Paul Virilio
L'administration de la peur
ÉD. Textuel, Paris, 2010
Paul Virilio, 78 ans, urbaniste d’origine, est devenu sociologue et philosophe à force de penser inlassablement la vitesse. Depuis 1977, date à laquelle il a publié Vitesse et Politique, essai sur la dromologie, il réfléchit à l’accélération du monde et à ses conséquences sur l’homme, l’économie, l’environnement, la géopolitique. Il lie le territoire aux technologies qui permettent de le parcourir et de le contrôler. TGV, pigeon voyageur ou Internet, avion ou minitel, qu’il s’agisse des techniques de communication ou des techniques de déplacement, il définit le territoire comme un espace-temps qui rapetisse.
Dans son dernier ouvrage, l’Administration de la peur, il soutient que la peur est un moyen de gouverner. De fait, dans nos sociétés - des origines monarchiques à la démocratie -, la peur a toujours fait partie des moyens de gouverner. On le voit aujourd’hui avec les politiques sécuritaires. Le pouvoir de la peur domine le pouvoir de la reconnaissance du bien public. Toute une génération parle à travers ce livre et constate que la peur est entretenue par d’autres moyens, d’abord atomiques, puis terroristes et écologistes.
Virilio met ainsi en avant trois peurs : l’équilibre de la terreur, le déséquilibre de la terreur et la peur écologique.

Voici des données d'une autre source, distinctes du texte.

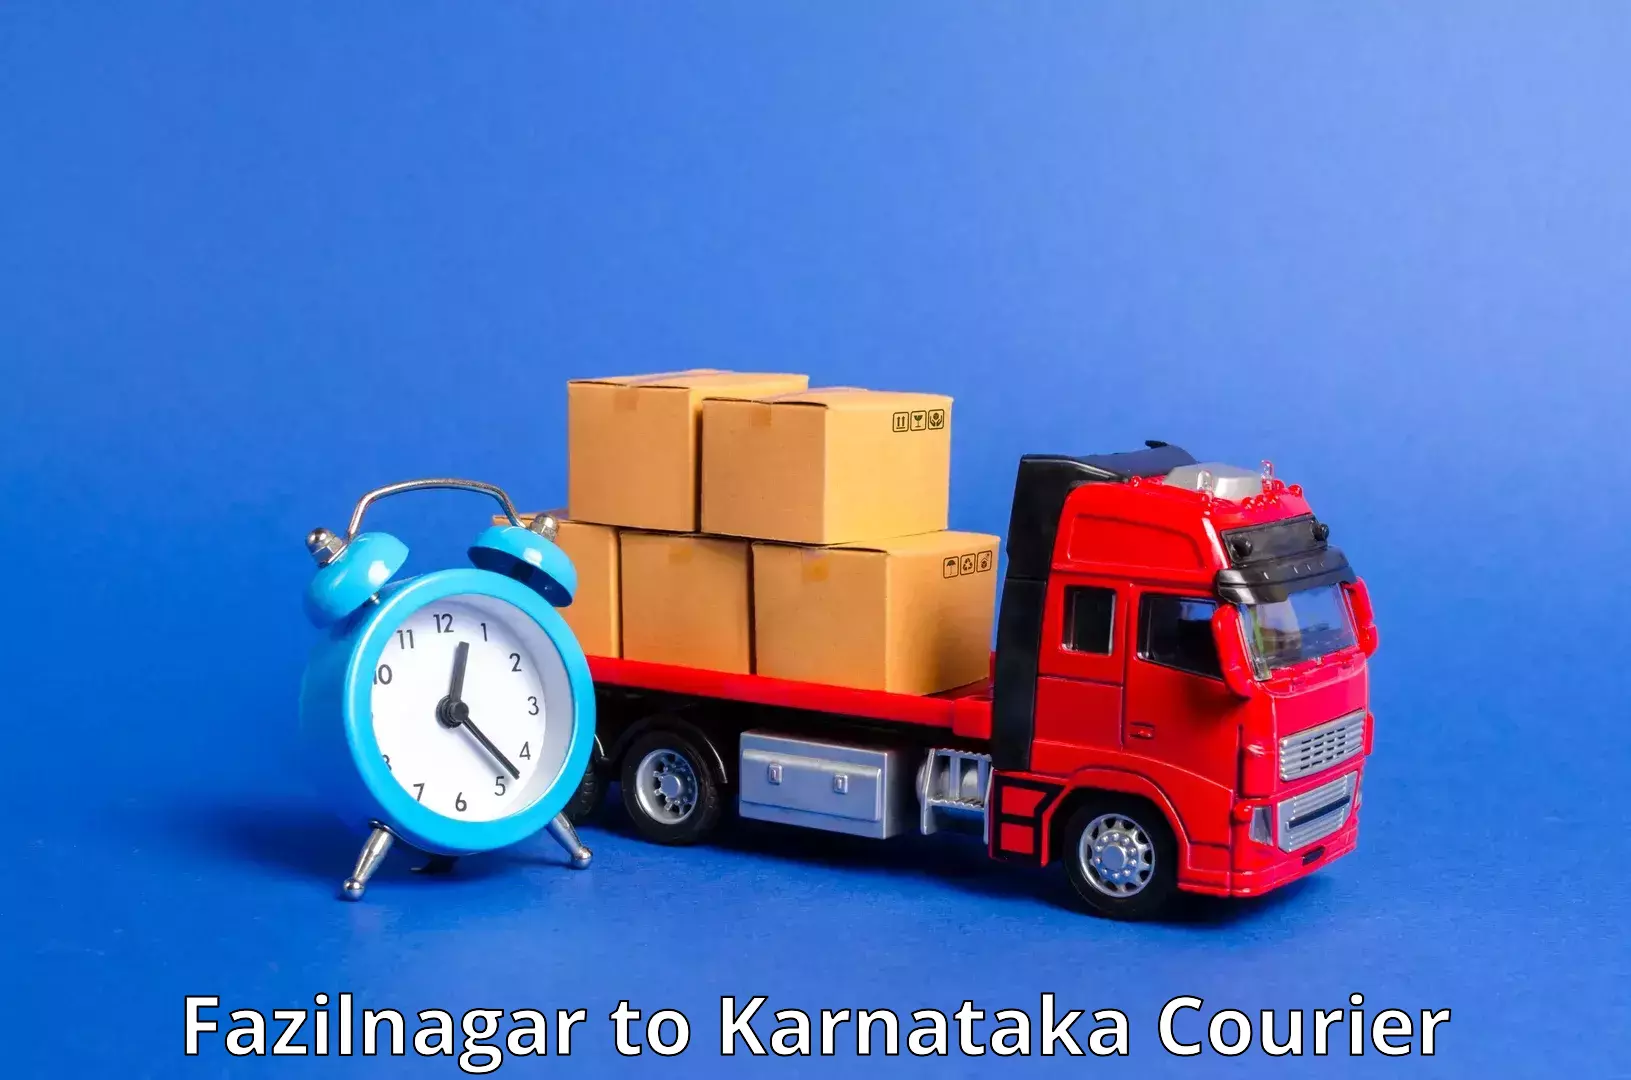 Express postal services Fazilnagar to Karnataka

L’équilibre de la terreur a cessé avec la chute du mur de Berlin, cédant la place au déséquilibre de la terreur. Celui-ci correspond au terrorisme, qui peut survenir à tout instant, partout, à Londres, New York ou Madrid. Actuellement, nous vivons une nouvelle grande peur, la peur écologique.
Il faut absolument, soutient l'auteur, éviter que l’écologie conduise aux mêmes paniques. Après la forme interétatique de la guerre froide, forme plus complexe du terrorisme, la peur écologique lui rappelle le Lebensraum, cette notion géopolitique de l’espace vital. Aujourd’hui, l’idéologie de l’espace vital peut se superposer à l’idéologie de l’écologie même s'il faut préserver notre lieu de vie.
Pourquoi cette peur ? parce que tout ce qui menace notre vie fait peur . Or, Ii ne faut pas avoir peur, mais faire face. Il faut surtout refuser le "globalitarisme" écologique imposé par la peur, parce que c’est toujours au nom du bien que l’on terrorise et que les écologistes ont la tentation de gouverner par la peur.